Work instructions.
Return exactly, and only, the lines from the line containing "3-strand twisted red rope" through the final line of the records below, both included.

──────── Supplied records ────────

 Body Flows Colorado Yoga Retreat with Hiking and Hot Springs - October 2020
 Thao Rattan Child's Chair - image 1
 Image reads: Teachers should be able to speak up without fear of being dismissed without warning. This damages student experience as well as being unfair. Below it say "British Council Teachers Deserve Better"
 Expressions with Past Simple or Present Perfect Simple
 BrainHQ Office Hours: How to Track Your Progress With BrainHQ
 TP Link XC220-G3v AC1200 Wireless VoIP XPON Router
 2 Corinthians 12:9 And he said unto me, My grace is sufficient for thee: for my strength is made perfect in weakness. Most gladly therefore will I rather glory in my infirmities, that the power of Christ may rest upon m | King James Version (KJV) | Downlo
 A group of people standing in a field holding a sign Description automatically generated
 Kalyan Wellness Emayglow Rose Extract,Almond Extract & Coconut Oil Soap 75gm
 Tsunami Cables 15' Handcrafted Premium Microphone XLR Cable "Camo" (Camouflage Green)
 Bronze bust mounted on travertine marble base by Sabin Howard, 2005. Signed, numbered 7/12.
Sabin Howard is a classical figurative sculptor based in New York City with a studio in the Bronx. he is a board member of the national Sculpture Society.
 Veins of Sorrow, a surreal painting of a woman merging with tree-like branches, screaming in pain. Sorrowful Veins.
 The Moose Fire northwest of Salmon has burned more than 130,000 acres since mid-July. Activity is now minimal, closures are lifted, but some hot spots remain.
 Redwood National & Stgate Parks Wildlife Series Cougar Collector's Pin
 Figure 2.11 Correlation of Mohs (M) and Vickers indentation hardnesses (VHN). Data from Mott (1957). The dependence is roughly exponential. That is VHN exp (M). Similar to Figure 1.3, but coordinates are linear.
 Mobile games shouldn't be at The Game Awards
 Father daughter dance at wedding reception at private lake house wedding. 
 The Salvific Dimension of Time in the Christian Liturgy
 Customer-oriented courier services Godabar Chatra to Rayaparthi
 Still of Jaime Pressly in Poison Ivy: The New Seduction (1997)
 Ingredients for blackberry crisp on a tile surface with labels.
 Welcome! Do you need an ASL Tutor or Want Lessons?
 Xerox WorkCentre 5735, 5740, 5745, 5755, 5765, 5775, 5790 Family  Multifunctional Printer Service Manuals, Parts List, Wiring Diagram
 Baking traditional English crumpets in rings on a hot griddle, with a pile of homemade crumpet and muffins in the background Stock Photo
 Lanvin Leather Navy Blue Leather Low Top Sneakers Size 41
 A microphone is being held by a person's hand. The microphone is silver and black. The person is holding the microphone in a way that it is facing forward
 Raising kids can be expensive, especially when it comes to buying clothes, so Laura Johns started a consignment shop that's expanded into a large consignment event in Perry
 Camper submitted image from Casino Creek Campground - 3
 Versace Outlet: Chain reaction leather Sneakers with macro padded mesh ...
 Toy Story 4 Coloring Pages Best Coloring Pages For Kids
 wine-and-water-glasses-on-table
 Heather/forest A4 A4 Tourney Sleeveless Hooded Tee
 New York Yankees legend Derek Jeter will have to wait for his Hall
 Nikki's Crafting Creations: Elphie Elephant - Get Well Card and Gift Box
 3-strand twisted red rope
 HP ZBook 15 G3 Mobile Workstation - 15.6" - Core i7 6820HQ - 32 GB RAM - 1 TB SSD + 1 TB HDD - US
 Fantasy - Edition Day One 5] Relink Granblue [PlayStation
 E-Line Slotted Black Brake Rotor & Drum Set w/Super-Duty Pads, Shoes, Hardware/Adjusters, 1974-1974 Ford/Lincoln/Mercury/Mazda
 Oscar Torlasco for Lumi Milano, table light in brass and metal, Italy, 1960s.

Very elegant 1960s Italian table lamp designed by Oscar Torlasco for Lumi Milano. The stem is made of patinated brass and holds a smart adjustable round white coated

────────

Response.
 3-strand twisted red rope
 HP ZBook 15 G3 Mobile Workstation - 15.6" - Core i7 6820HQ - 32 GB RAM - 1 TB SSD + 1 TB HDD - US
 Fantasy - Edition Day One 5] Relink Granblue [PlayStation
 E-Line Slotted Black Brake Rotor & Drum Set w/Super-Duty Pads, Shoes, Hardware/Adjusters, 1974-1974 Ford/Lincoln/Mercury/Mazda
 Oscar Torlasco for Lumi Milano, table light in brass and metal, Italy, 1960s.

Very elegant 1960s Italian table lamp designed by Oscar Torlasco for Lumi Milano. The stem is made of patinated brass and holds a smart adjustable round white coated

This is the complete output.